Why? In fact, when one think about the situation he could imagine that a laser dot is a dot in a Cartesian coordinates system:

Based on what we learnt in Epsiode 1, the lost function uses square so that errors are always cumulated. Here it also uses a square root so I’m not sure large errors yield larger penalties but this is what we have so far.

As we will see later this cost function is way much too complicated but let’s start with what we have…

Do you remember the song?

error ➡️ cost(error) ➡️ derivative ➡️ \(y_2 = y_1 - \alpha \cdot \text{grad}\)

We have a cost function so, now, we need the expression of the derivative…

Wait, wait, wait… Now things are getting way more complicated — we’ve got two variables! Before, it was easy. It even takes me back to when I was in high school and I met Cindy… but here, 2 variables…

You’re missing one key point: these variables are independent. It’s not like saying “I ate 8 burgers last night” (variable_1 = 8) and “this morning I gained 2.5 kg” (variable_2 = 2.5). Those two aren’t independent — there’s a clear cause-and-effect relationship.

Now think about truly independent variables, like colors. You can’t describe a certain shade of blue if all you have is red. And the same goes for trying to express how red something is while only having blue available.

But if you do have both variables — blue and red — you can create an infinite number of purples by mixing \(x\) amount of blue with \(y\) amount of red. Just take a look below:

Above the scales in blue and red go from 0 to 255.

Now we can draw/specify an infinite number of cost in the plan using the two independent variables: \(err\_x\) and \(err\_y\)

Furthermore, we can change the intensity of one of the two variables independently of the other and see the effect on the cost error. In the “figure” above, imagine \(err\_x\) remains constant while \(err\_y\) increase. The red vector would be horizontal at the beginning when \(err\_y\) equal 0 and at 45°, at the end, when the magnitude or \(err\_y\) is equal to the magnitude of \(err\_x\). This is exactly what happens when you mixt more and more red in a fixed quantity of blue.

Why is it so important? Simply because we can then divide and conquer. We can say that the variation of the cost function \(C\) is equal to the sum of cost function when \(error\_x\) vary while \(error\_y\) remains constant, plus the variation of the cost function when \(error\_y\) vary and \(error\_x\) remains constant.

This is similar to say to go from from A to D I can go from A to B then from B to D or from A to C then from C to D.
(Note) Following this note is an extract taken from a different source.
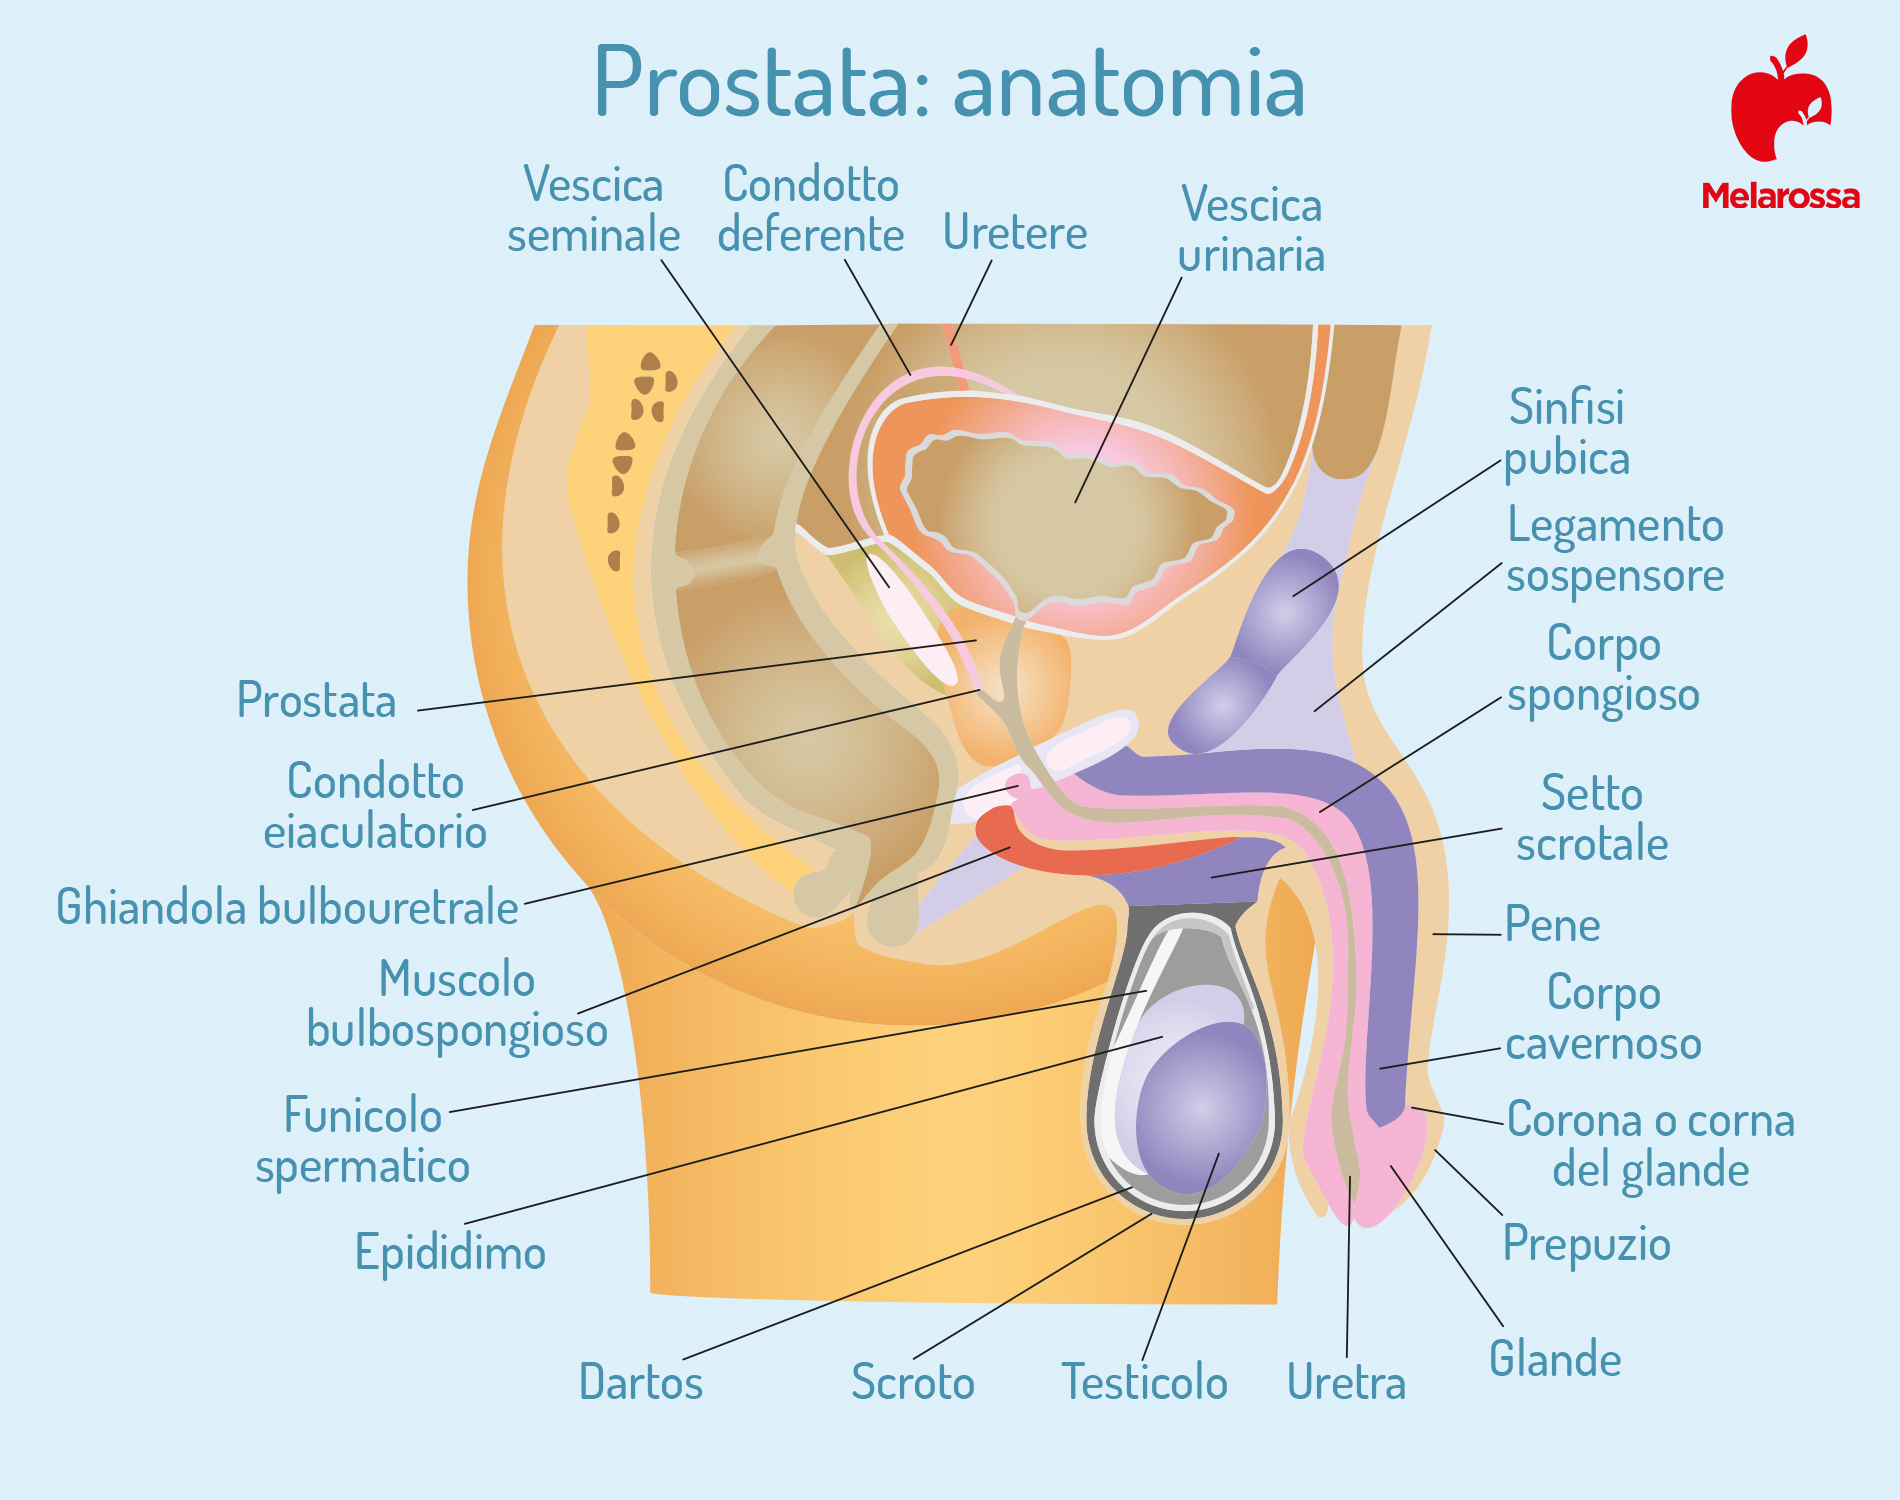 Ipertrofia prostatica: prostata anatomia

We had : \(C = \sqrt{error\_x^2 + error\_y^2}\)

Case 1: \(error\_x\) vary and \(error\_y\) remains constant

\[\begin{aligned} C & = \sqrt{error\_x^2 + error\_y^2} \\ C & = \sqrt{error\_x^2 + k} \\ \frac{\partial C}{\partial error\_x} & = \frac{1}{2} \cdot (error\_x^2 + k)^{-\frac{1}{2}} (2 \cdot error\_x) \\ \frac{\partial C}{\partial error\_x} & = \frac{error\_x}{\sqrt{error\_x^2 + k}} \\ \frac{\partial C}{\partial error\_x} & = \frac{error\_x}{\sqrt{error\_x^2 + {error\_y}^2}} \\ \frac{\partial C}{\partial error\_x} & = \frac{error\_x}{C} \end{aligned}\]

Line 2: if \(error\_y\) is constant, then \({error\_y}^2\) is constant and I call it \(k\).
Line 3: when a variable function (\(C\), the cost function here) is made of more thant one variable, mathematicians prefer to use the partial derivative notation \(\frac{\partial f}{\partial x}\) to express the fact that we look at the variation of \(f\) when \(x\) is the sole variable that change and all the others variables remains constant. This is the rate of change of \(f\) when only \(x\) vary.
Line 6: remember that \(C = \sqrt{error\_x^2 + error\_y^2}\)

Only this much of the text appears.